Cercò di muovere le gambe, ma si accorse che la gamba destra non rispondeva. Iniziò a sentirsi inquieto e preoccupato, non capiva cosa gli stesse succedendo. La porta si aprì e una giovane infermiera entrò nella stanza.

"Buongiorno, signor Lorenzo. Come si sente oggi?" chiese l'infermiera, sorridendo.

"Non riesco a muovere la gamba destra. Cosa mi sta succedendo?" rispose Lorenzo, preoccupato.

" Chiamo subito il medico", disse l'infermiera, lasciando la stanza.

Lorenzo - che lavorava come steward su gli euronight per una compagnia di trasporto internazionale - cercò di ricordare cosa fosse successo prima di finire in ospedale. Ricordava di essere stato a Zurigo per lavoro e che il treno era diretto a Roma Termini e di essersi sentito male durante il turno di notte nel suo Office, tra il ventuno e il ventidue di ottobre, ma non riusciva a ricordare altro.

Il medico arrivò poco dopo e gli spiegò che aveva subito un ictus durante il viaggio in treno. Gli dissero che avrebbe dovuto rimanere in ospedale per un po' di tempo per recuperare e fare delle terapie.

Non riusciva a credere a ciò che gli stava accadendo. Si sentiva come se fosse stato strappato via dalla sua vita e gettato in un mondo sconosciuto.

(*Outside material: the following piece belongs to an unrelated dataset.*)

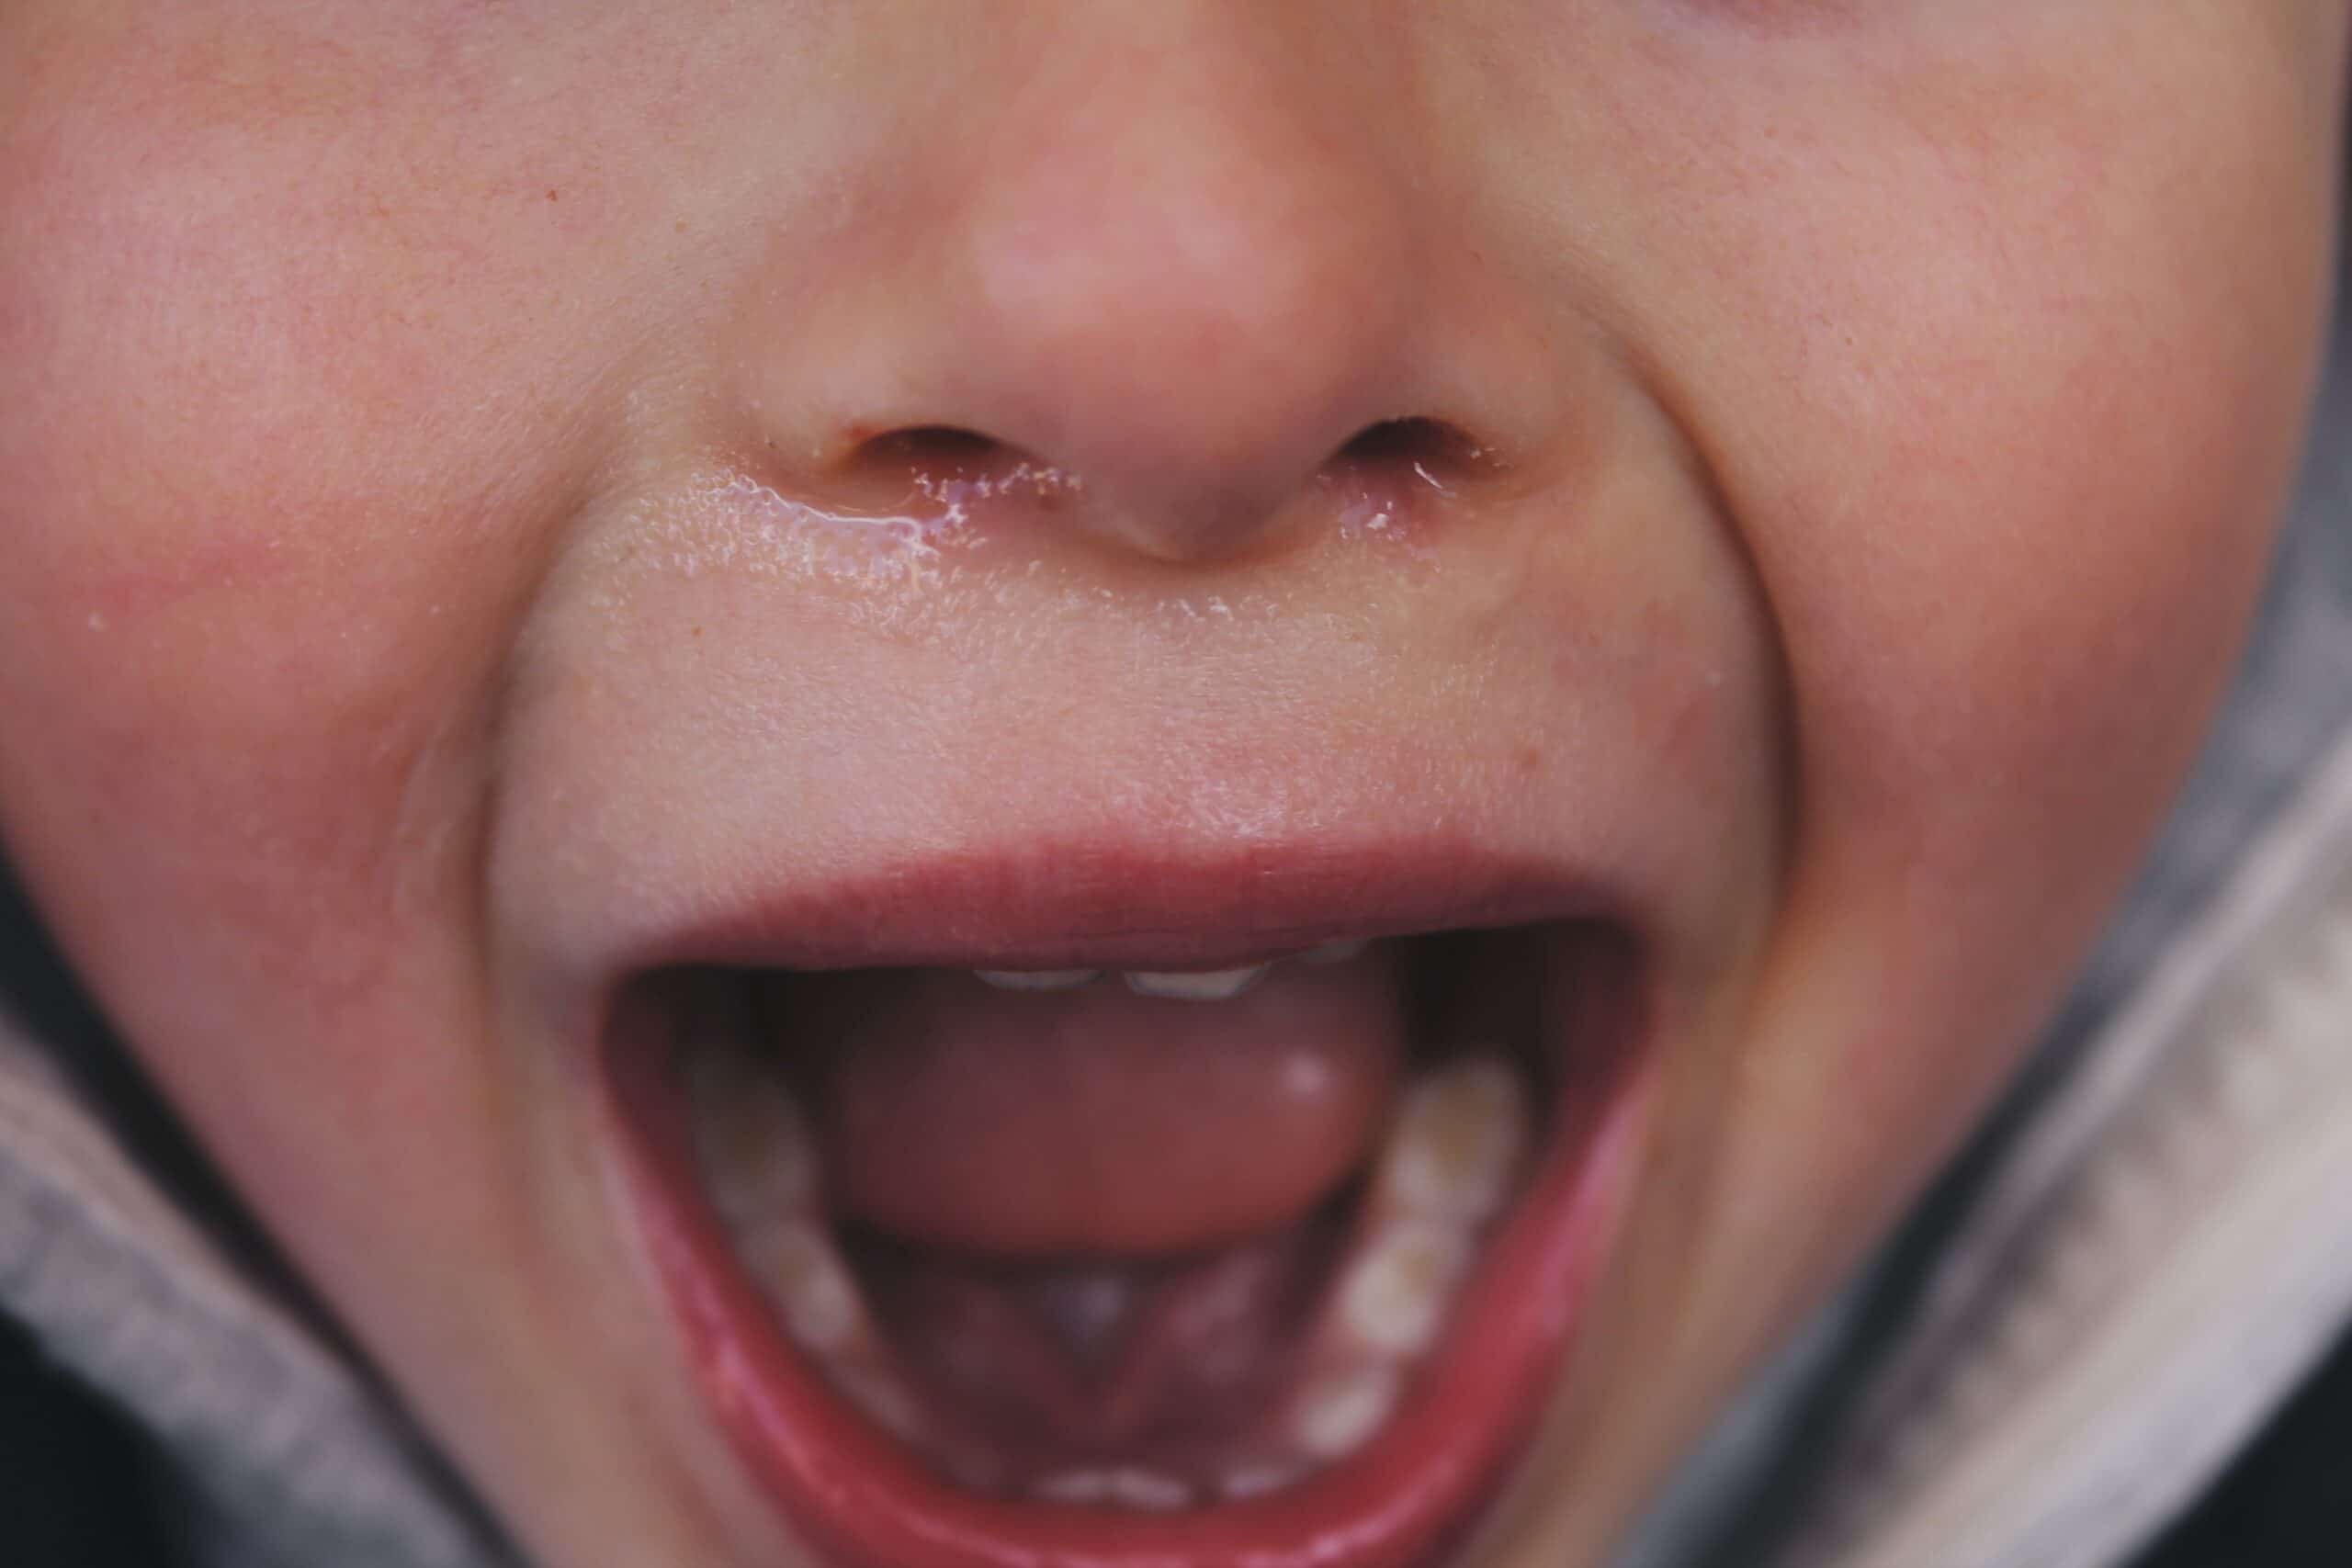 Photo of crying child by Marco Albuquerque for Unsplash
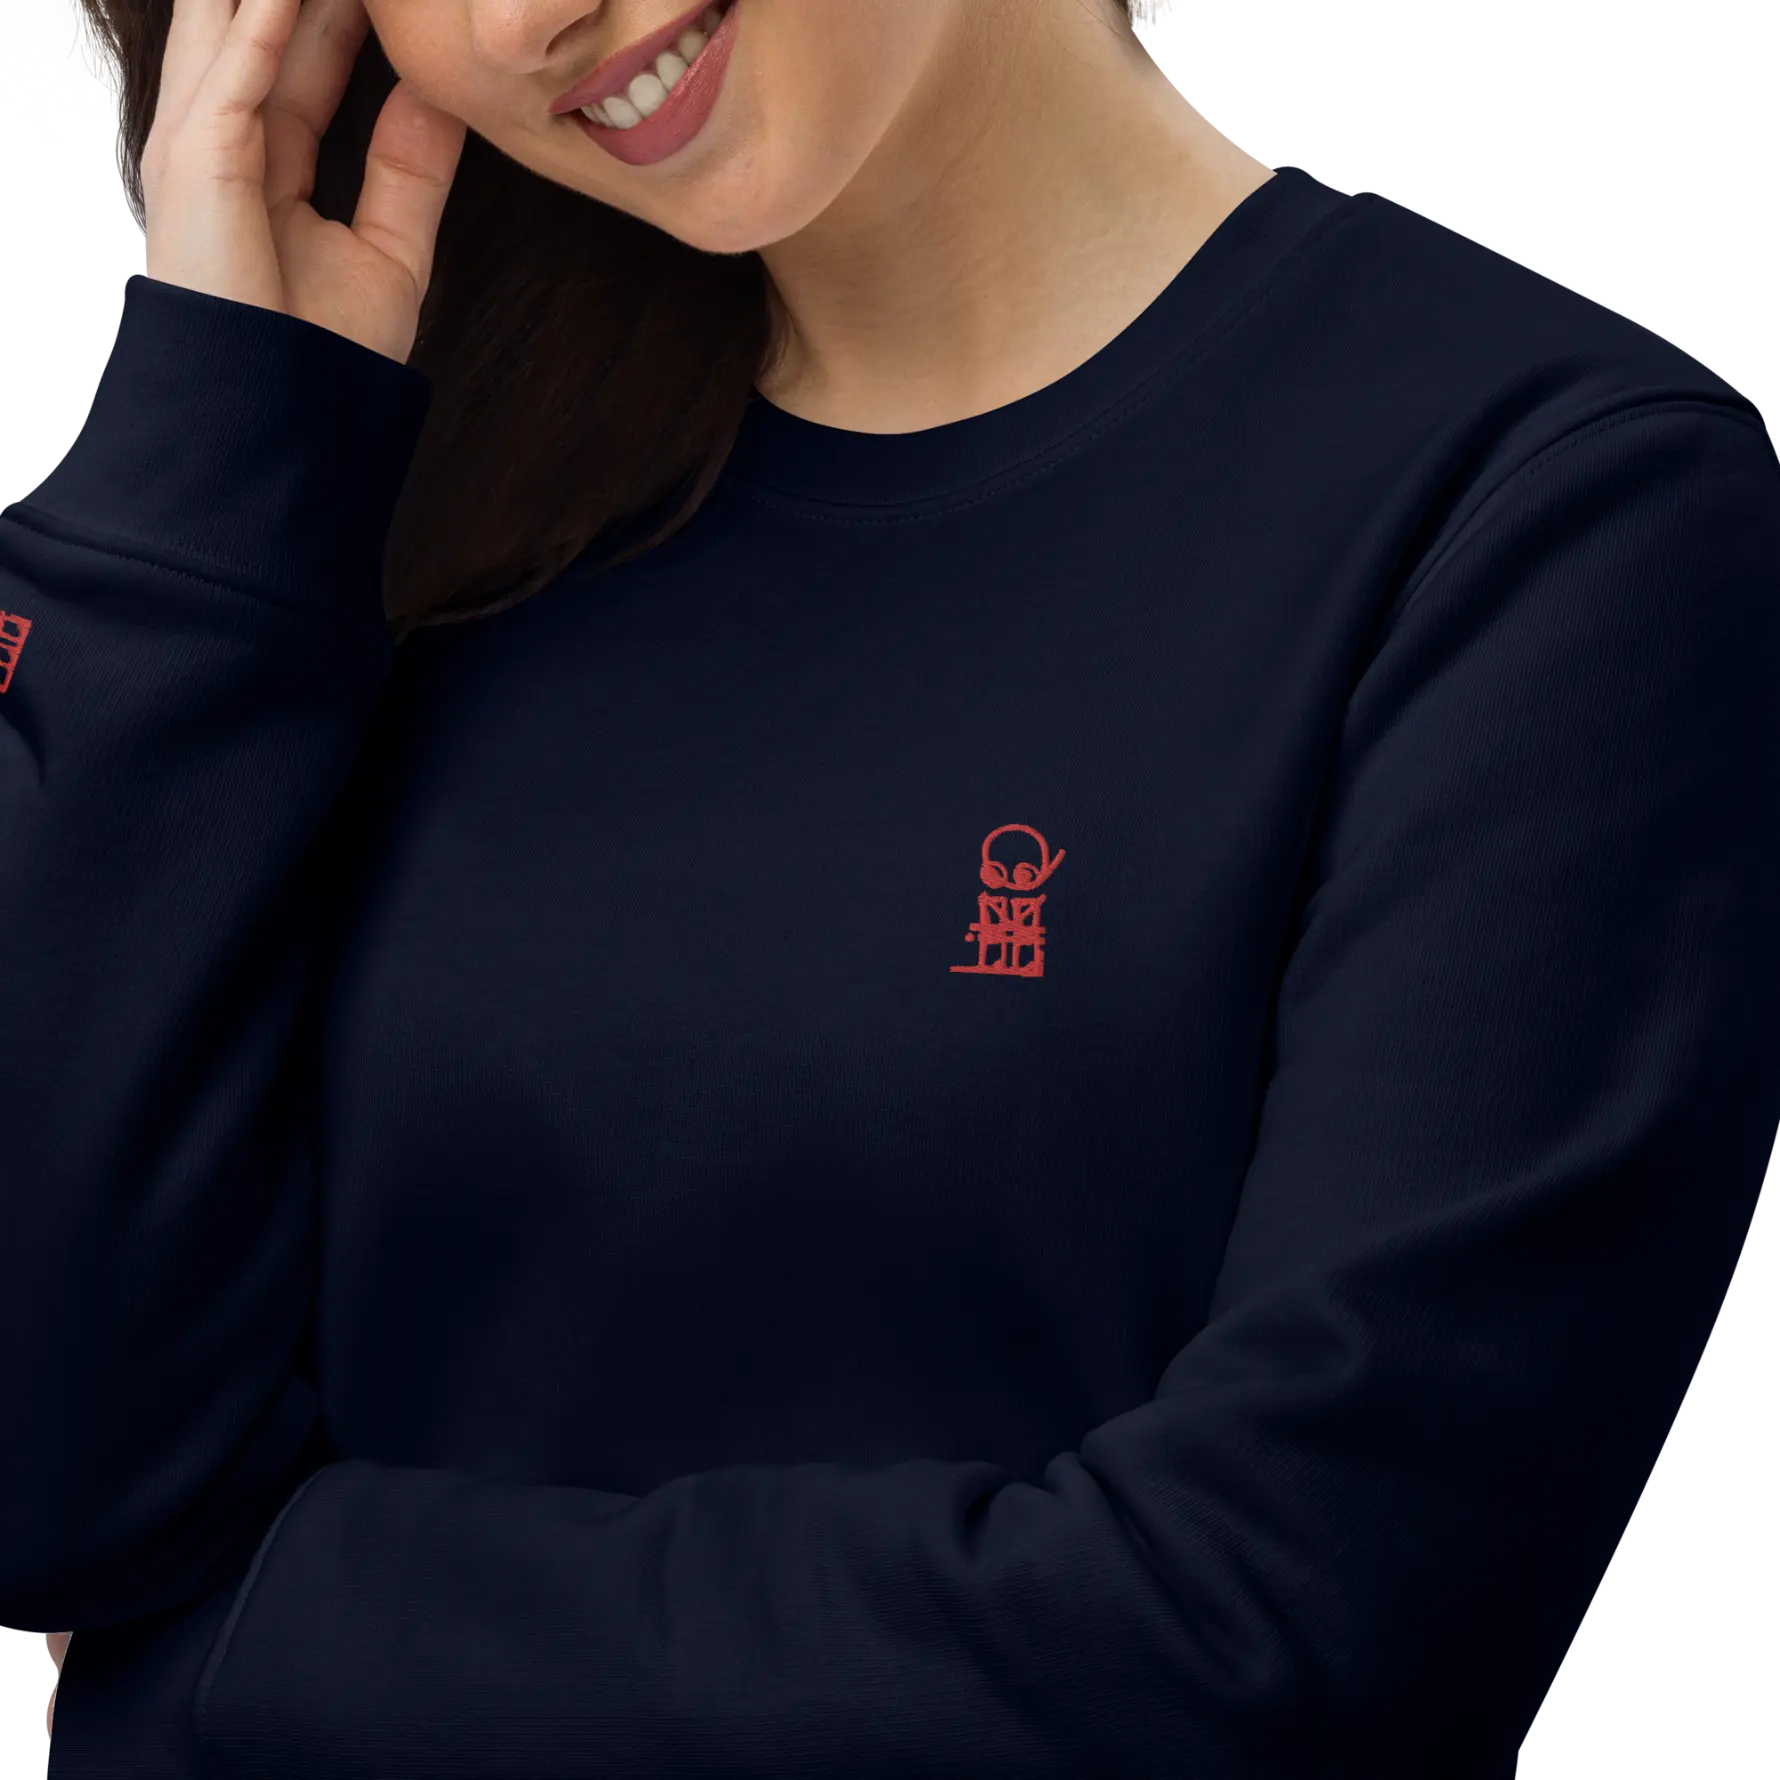 unisex-eco-sweatshirt-french-navy-zoomed-in-3-656d40247b3d4

La sua mente era confusa e annebbiata, e la gamba destra non rispondeva ai suoi comandi. Si sentiva intrappolato nella sua stessa pelle, incapace di fare ciò che prima gli sembrava scontato. La sua vita era cambiata in un istante, e non sapeva come avrebbe fatto ad affrontare tutto ciò.

Trascorse la giornata in quella stanza di neurologia del Gemelli, circondato da altri cinque pazienti che come lui stavano affrontando problemi di natura neurologica. Ognuno di loro aveva una storia diversa da raccontare, ma tutti condividevano lo stesso senso di smarrimento e di paura per il futuro.

Il paziente alla sinistra era un uomo anziano, con gli occhi chiusi e le mani posate sul petto. Sembrava dormire, ma ogni tanto emetteva dei gemiti di dolore. Il suo nome era Giuseppe, e aveva subito un ictus durante una gita in montagna con la sua famiglia.

"Lui è qui da tre settimane" disse l'infermiera che stava facendo la ronda. "Sta facendo progressi, ma sarà un lungo percorso per lui".

Il paziente alla destra era una donna di mezza età, con i capelli corti e grigi. Il suo nome era Maria, e aveva subito un incidente stradale che le aveva causato un grave trauma cranico. Era ancora sotto sedazione e il suo respiro era aiutato da un respiratore.

"È qui da una settimana" disse l'infermiera. "La sua situazione è critica, ma stiamo facendo tutto il possibile per salvarle la vita".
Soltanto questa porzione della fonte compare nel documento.